Following message was posted by Phil Pichotta on October 02, 1998 at 18:06:07: in reply to Comments on ASA Ethics Guidelines posted by Philip Pichotta on September 16, 1998 at 09:36:56: |
I am commenting about some of the responses to my previous message.In one response to my opening remarks, Dr. Gardenier commented that most commenters wanted the guidelines expanded, not narrowed. While it is good to have the guidelines open to public comment, using their reaction may be misleading. It is similar to using the results of a call-in poll conducted on a radio station. Only certain individuals care to respond. I would expect that most ASA members have not even read them. Perhaps there should be some 'field testing' to ask uninterested parties from a broad range of areas to review and comment on the guidelines. I suspect most people don't care because the guidelines have no enforcement. However, in his response to my comments in II.A.8, Dr. Gardenier states that he uses these ethics guidelines when dealing with lawyers to provide expert testimony. If I am called to testify and haven't provided my client with alternative statistical approaches (as an example), I do not want to be considered as unethical. I think there have been some comments about this particular item but my point is that there are differences of opinion about what a valid analysis is. I know you try to say that in other places, I think this is lost in the particular point.

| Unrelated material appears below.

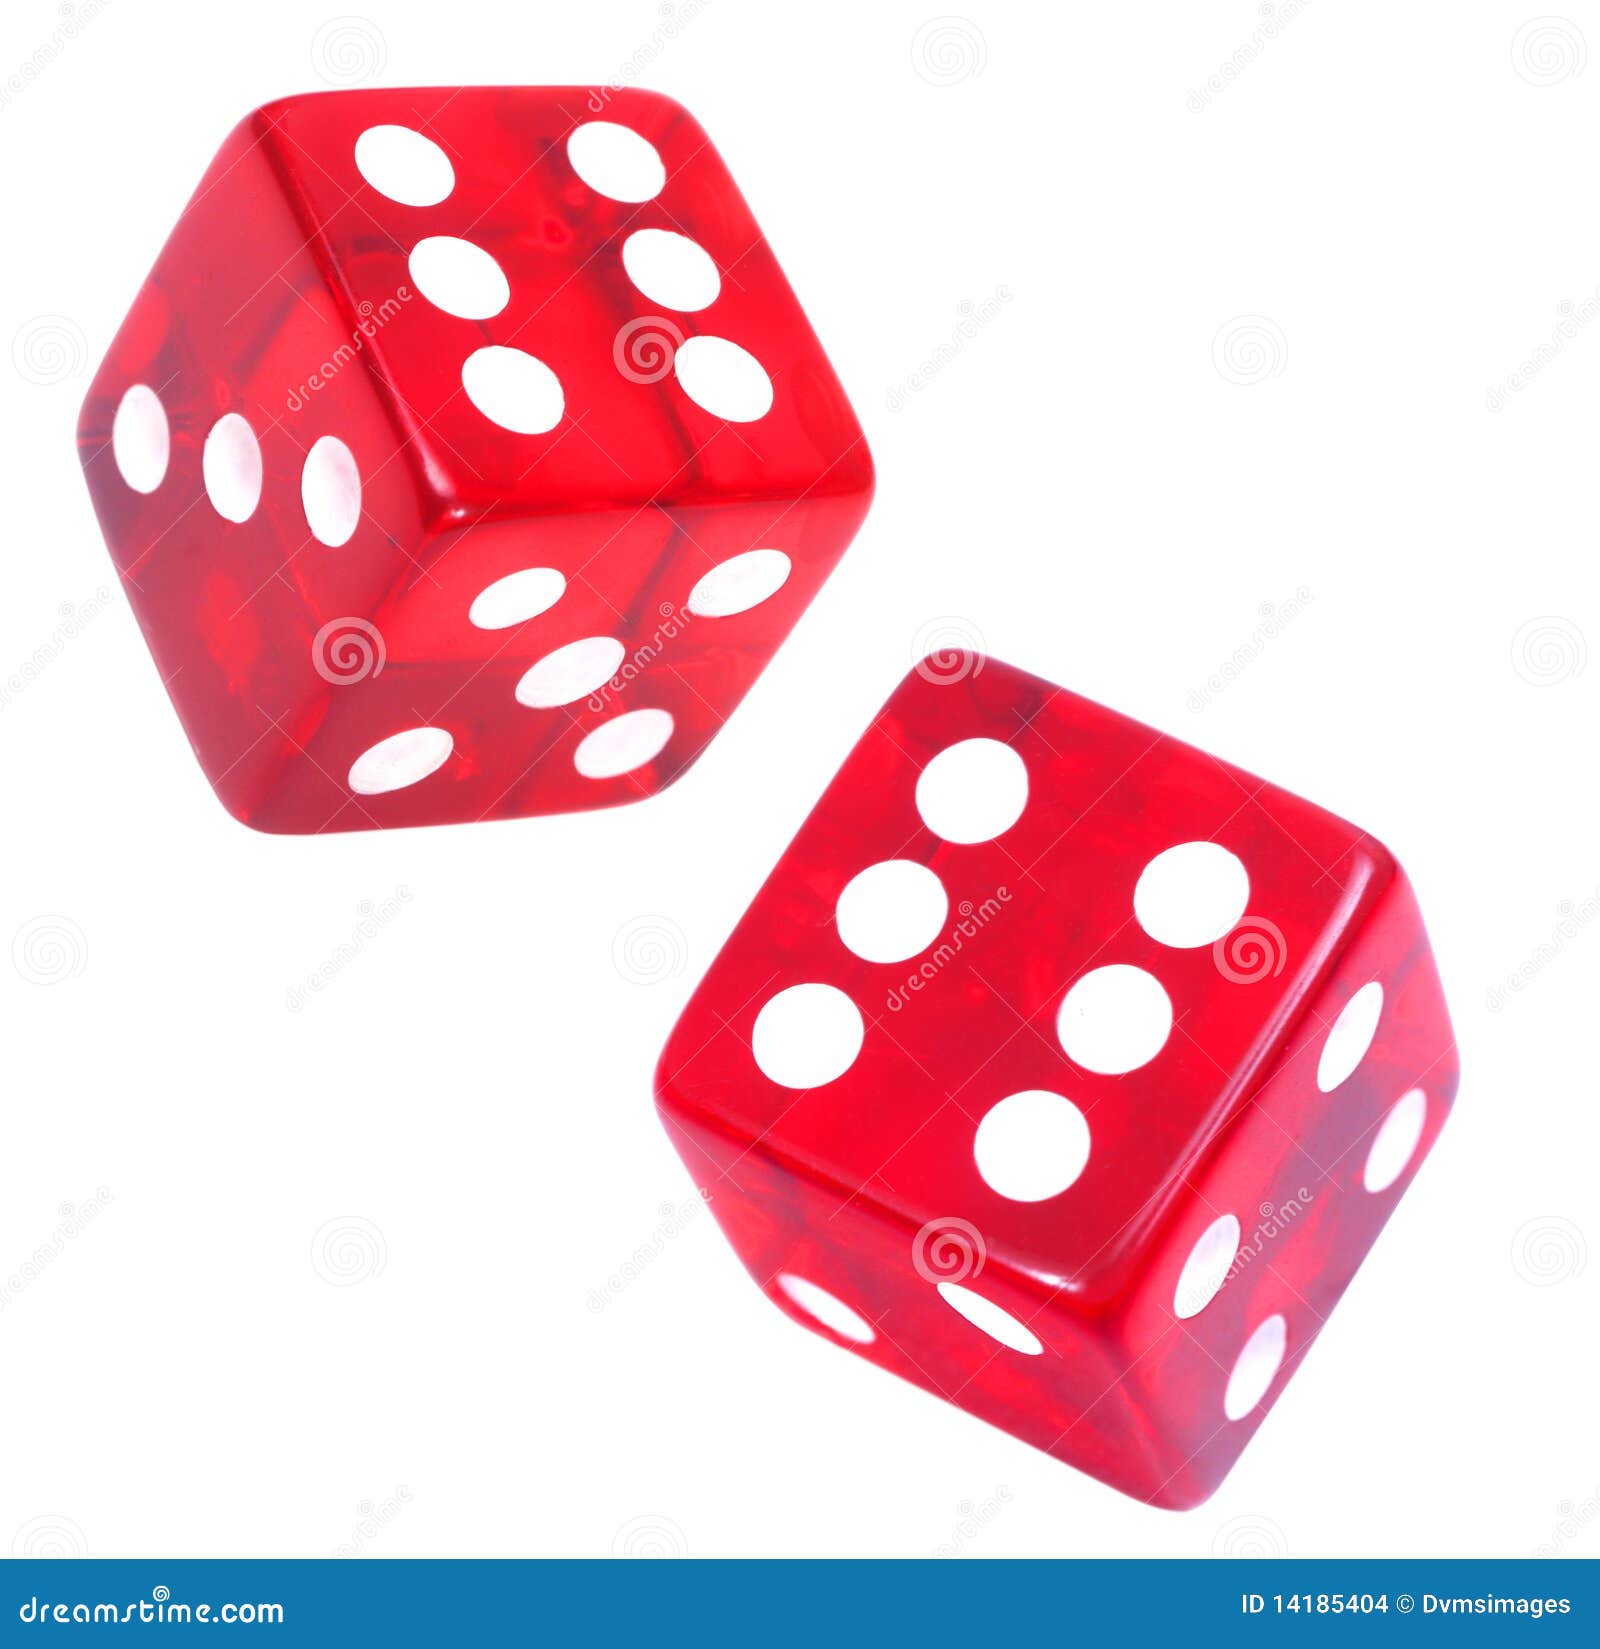 clipart risk dice - photo #7

I still believe that the good professional citizenship items (in I.C.5-10) are not ethics and don't believe that they belong in an ethics guideline.
While I understand his response in II.A.2, I believe that the statement is not clear and rambles. There are suggestions sprinkled in the responses that I should provide alternative wording if I don't like the original. While I often try to do this, I simply don't have the the time to do this. At the same time, just because I don't or can't provide an alternative wording, doesn't mean that my comments are not valid.
My revised wording for II.A.e is "Use statistical analyses appropriate for the data." This is a statement that similar to what I used to see in many clinical protocols. It is a hollow statement. It is a matter of competency and it depends who is judging the appropriateness.
In II.A.8, I still question the use of the word 'proud'. I believe that you would satisfied if your testimony was judged by group of your peers.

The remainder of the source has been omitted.